Are Penny Stocks Right For You?

TM Editors' Note: This article discusses one or more penny stocks and/or microcaps. Such stocks are easily manipulated; do your own careful due diligence.

If someone were to ask you, "What are penny stocks?" what would be your response? This simple question has evoked myriad reactions from traders far and wide. Some will say they're OTC stocks, and others will put a price tag of $1 or $2, etc. According to the Securities & Exchange Commission, penny stocks trade for less than $5 a share.

No matter your personal definition, the goals are the same: make money quickly and repeat the process. Now, I'll preface this article with, while small-caps aren't necessarily all penny stocks, the small-cap ETFs like the Russell 2000 (IWM) and the S&P Small-Cap ETF (IJR) have been used as benchmarks for the health of cheap stocks. Both of these have gotten slaughtered in the wake of the market's latest bout of wild volatility.

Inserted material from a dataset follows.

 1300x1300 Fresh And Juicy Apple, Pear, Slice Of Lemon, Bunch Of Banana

penny stocks to watch right now

Should You Buy Penny Stocks Right Now?

Given the state of the stock market today, things can shift at a moment's notice. You've got economic data pushing inflationary fears and the jobs market, which is wide open for new employment. We are certainly at the start of what could be a booming reopening in the U.S. While other countries like India grapple with coronavirus case surges, the rest of the world seems to be starting its rebound. 

Does this mean volatility will soon come to an end? In my opinion, not by a long shot. But understanding how to day trade or even how to take advantage of market fluctuations is important right now. Is it for everyone? I think so, but that's only if you understand the basics of the market and have a handle on managing risk.

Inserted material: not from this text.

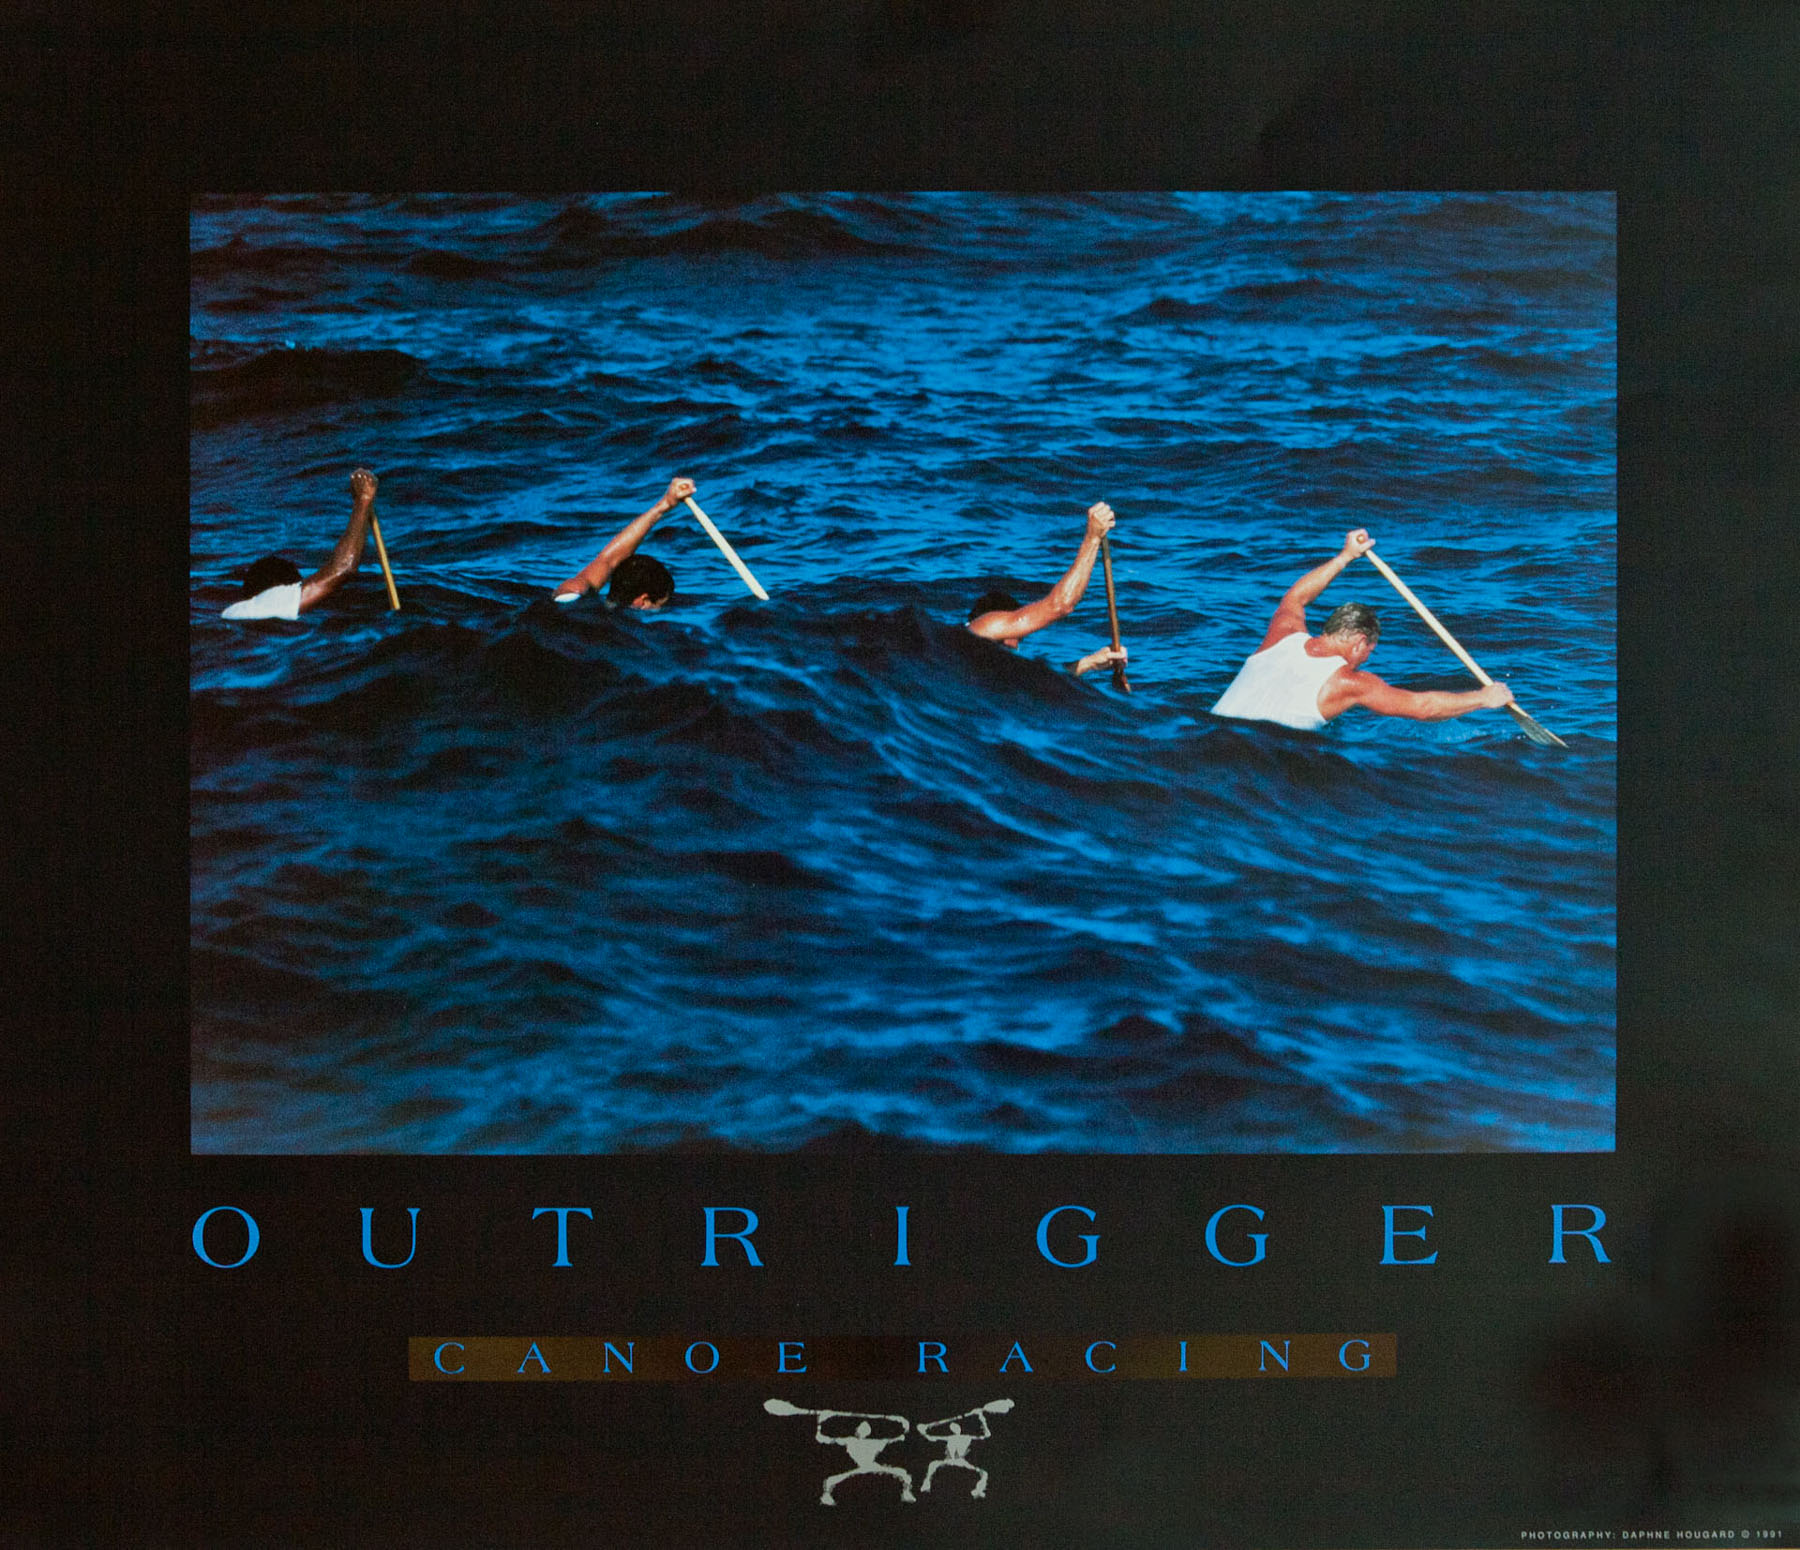 Outrigger_Poster-large_1.jpg

If you can, then you're all the wiser. Penny stocks aren't the easiest to trade, but they are big sources of profit for seasoned traders. What's more, if you look at some of the popular names over the last 18 months, many of these stocks under $5 are no longer at those levels. Take Novavax (NVAX), for instance. Though it hasn't experienced the greatest quarter so far, it's trading significantly higher than it was at the beginning of 2020. This is a testament to the company's ability to execute on milestones and secure strong backing from Wall Street firms. Then again, you've also got companies like Hertz  (HTZGQ), which still have yet to recover from pandemic lows.